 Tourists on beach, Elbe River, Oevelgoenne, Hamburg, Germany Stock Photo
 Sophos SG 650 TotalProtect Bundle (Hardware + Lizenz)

...

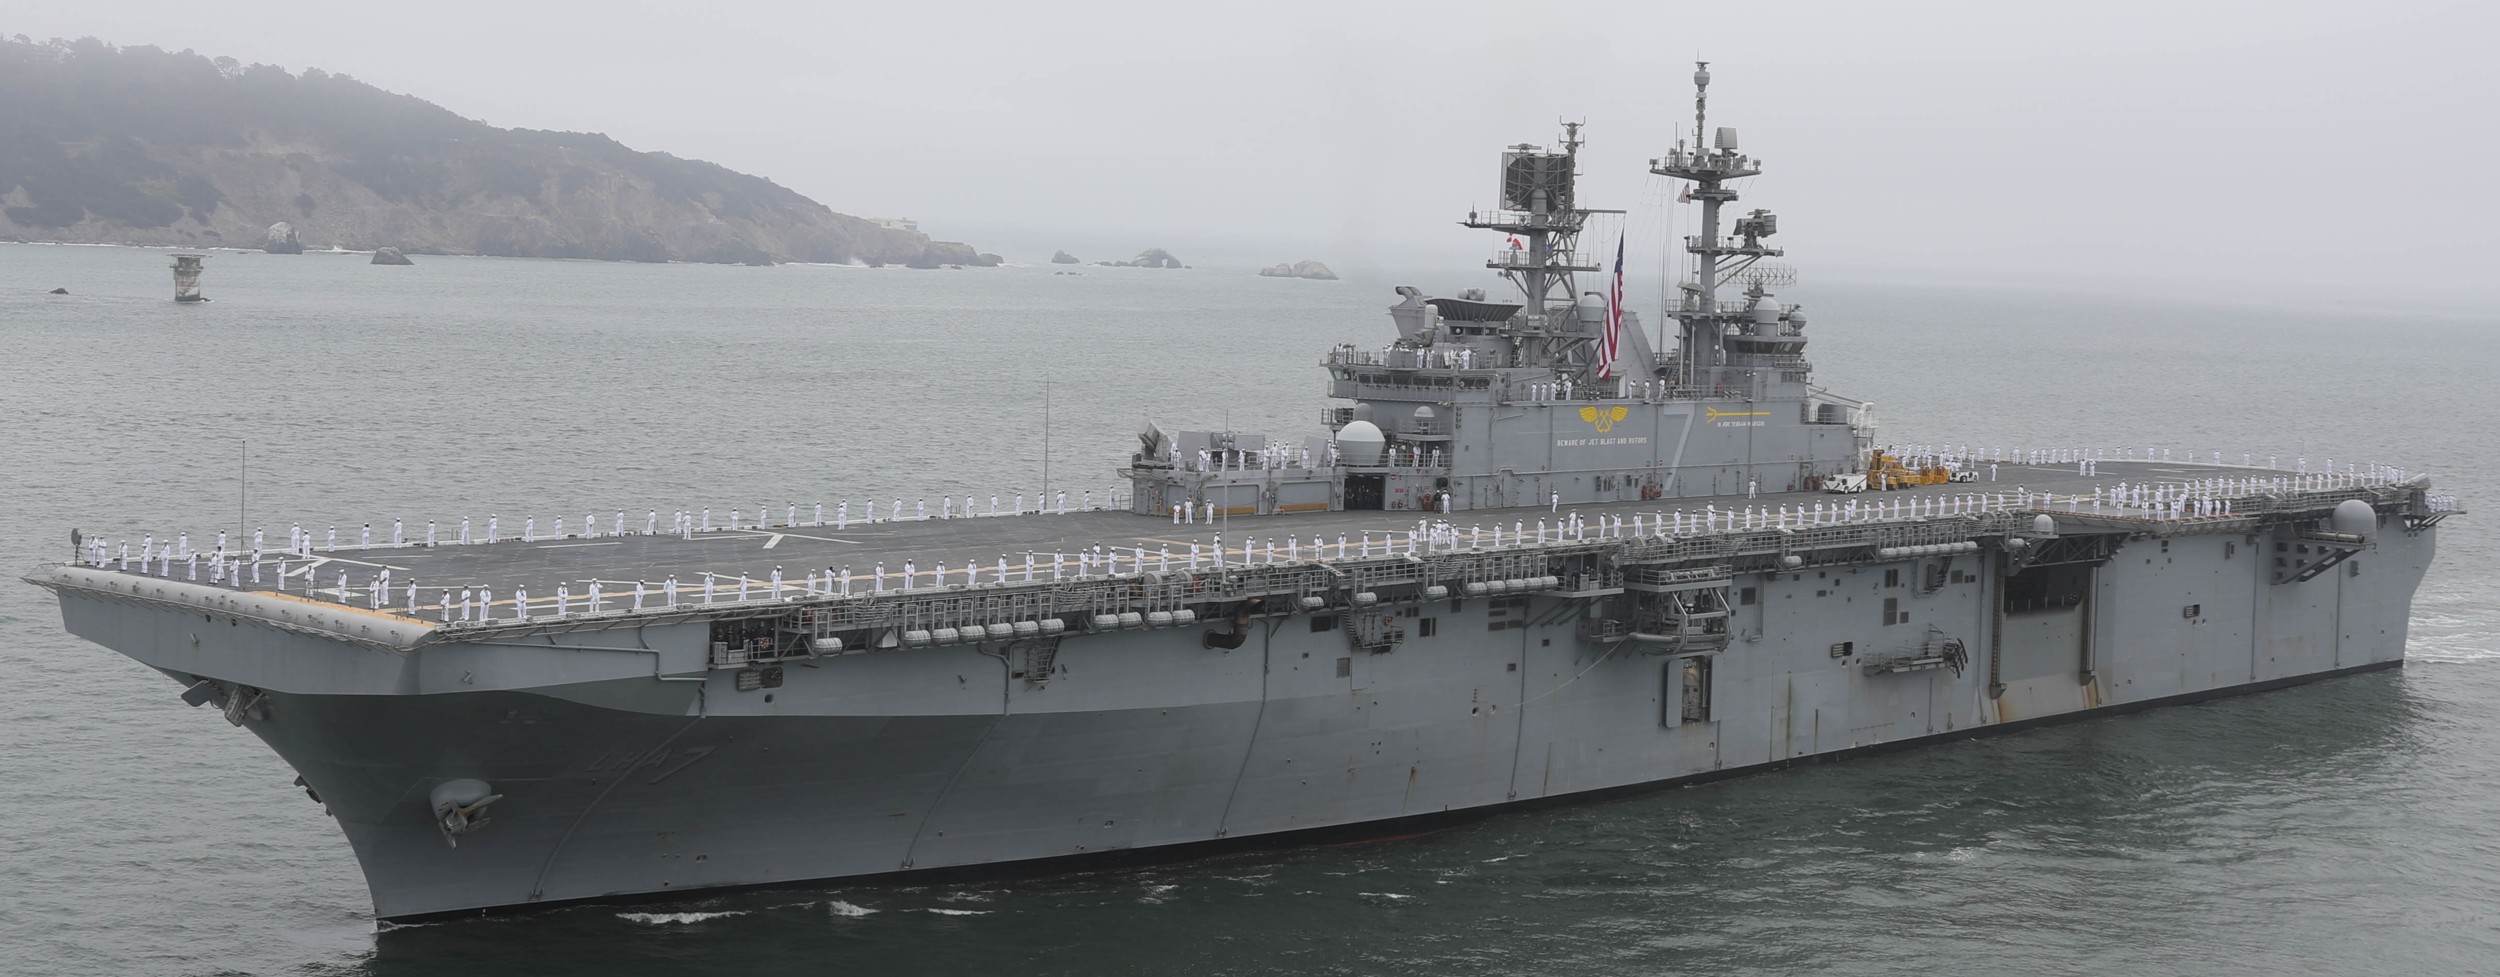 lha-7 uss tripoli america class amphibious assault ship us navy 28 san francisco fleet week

#### What the task asks:
Print the lines above from the one with "Tourists on beach, Elbe" through the one with "Sophos SG 650", both included, exactly as written and nothing more.

#### Expected answer:
 Tourists on beach, Elbe River, Oevelgoenne, Hamburg, Germany Stock Photo
 Sophos SG 650 TotalProtect Bundle (Hardware + Lizenz)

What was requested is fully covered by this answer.